# Variant Scoring Guide

This guide covers how to create and use custom variant scoring models in VariantCentrifuge.

## Overview

VariantCentrifuge's scoring system allows you to apply custom mathematical models to score variants based on their annotations.

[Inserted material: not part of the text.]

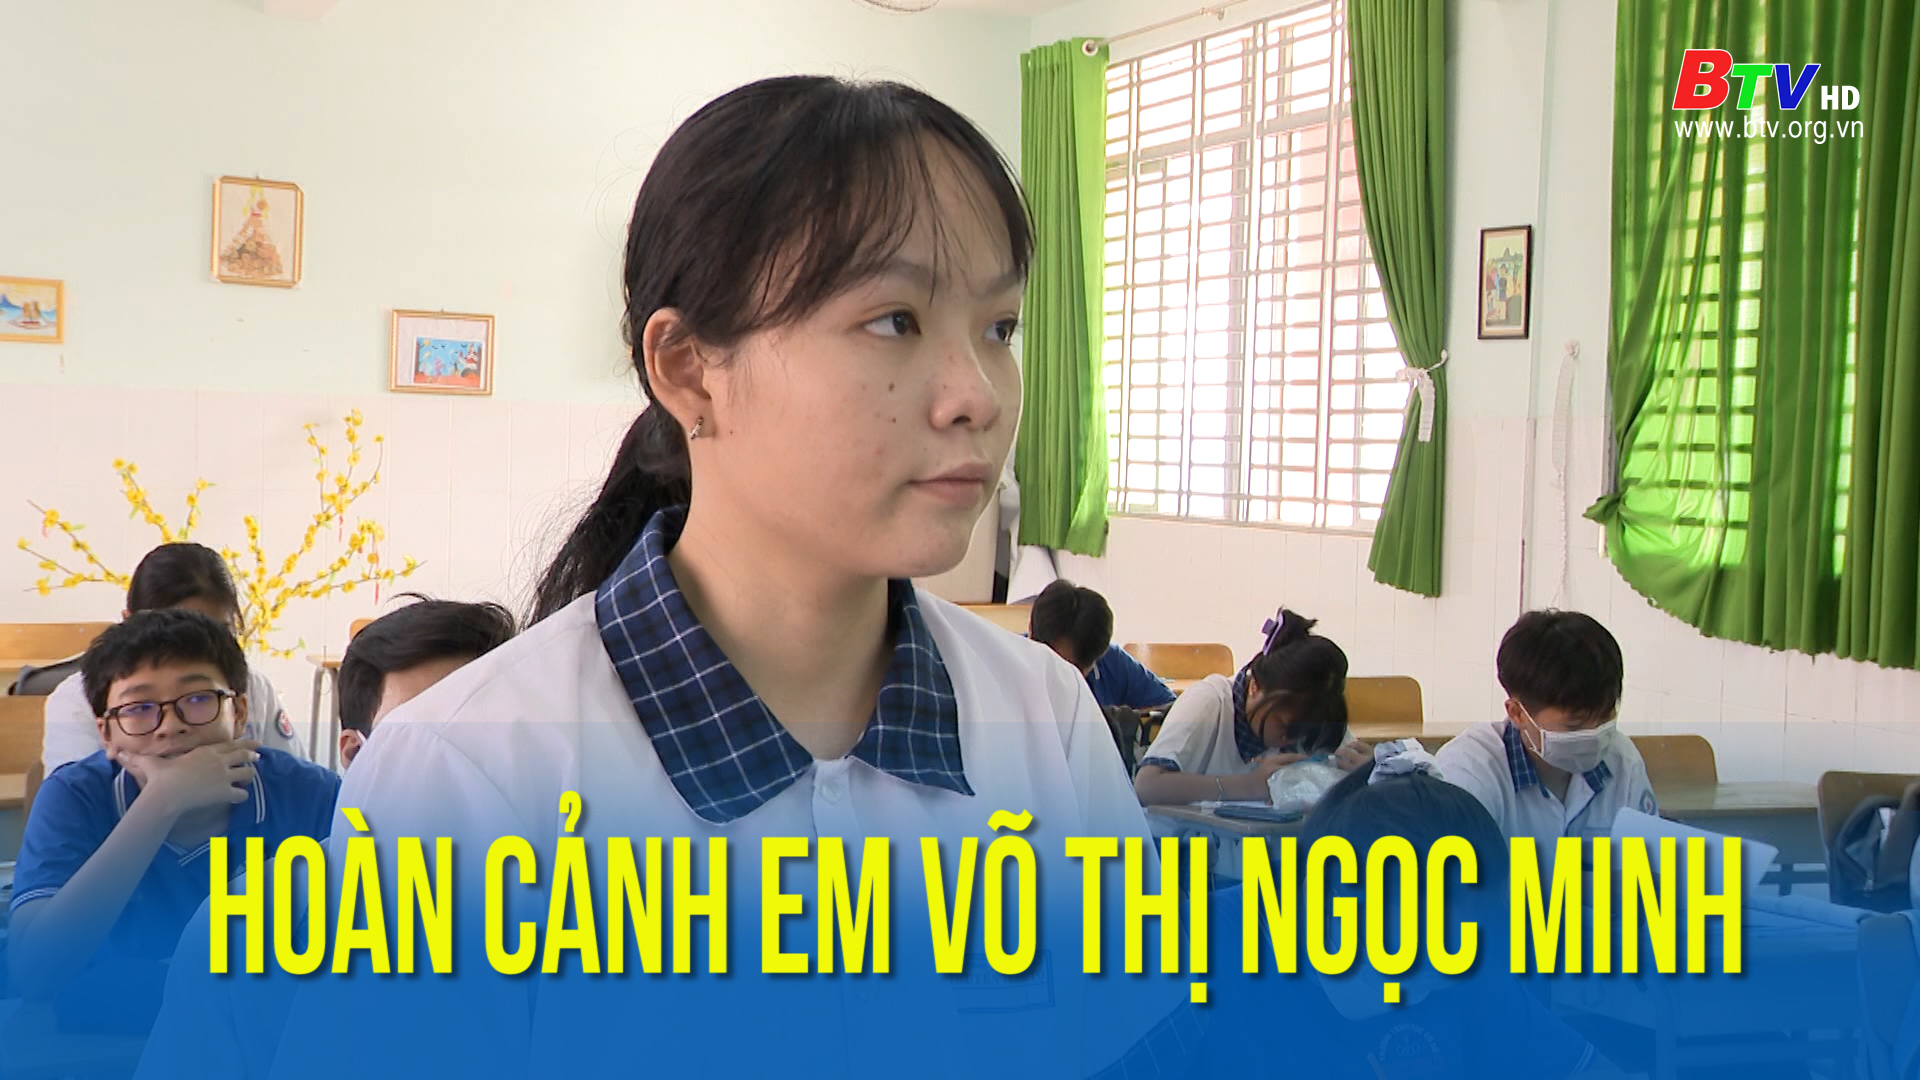 Hoàn cảnh em Võ Thị Ngọc Minh

This is useful for:

- Prioritizing variants based on multiple criteria
- Implementing published scoring algorithms
- Creating disease-specific variant rankings
- Combining multiple evidence types into a single score

## How Scoring Works

The scoring system:
1. Loads configuration files that define variable mappings and formulas
2. Maps VCF annotation columns to formula variables
3. Applies the formula to calculate scores
4. Adds score columns to the output

## Configuration Structure

A scoring configuration consists of two JSON files in a directory:

### 1. Variable Assignment Configuration

`variable_assignment_config.json` maps VCF columns to formula variables:

```json
{
  "variables": {
    "VCF_COLUMN_NAME": "formula_variable|default:value"
  }
}
```

### 2. Formula Configuration

`formula_config.json` defines the scoring formulas:

```json
{
  "formulas": [
    {
      "score_name": "formula_expression"
    }
  ]
}
```

## Creating a Custom Scoring Model

### Step 1: Identify Required Annotations

First, determine which VCF annotations you need for your scoring model:

- Allele frequencies (e.g., `dbNSFP_gnomAD_exomes_AF`)
- Pathogenicity scores (e.g., `dbNSFP_CADD_phred`, `dbNSFP_REVEL_score`)
- Variant effects (e.g., `ANN[0].EFFECT`, `ANN[0].IMPACT`)
- Conservation scores (e.g., `dbNSFP_phyloP100way_vertebrate`)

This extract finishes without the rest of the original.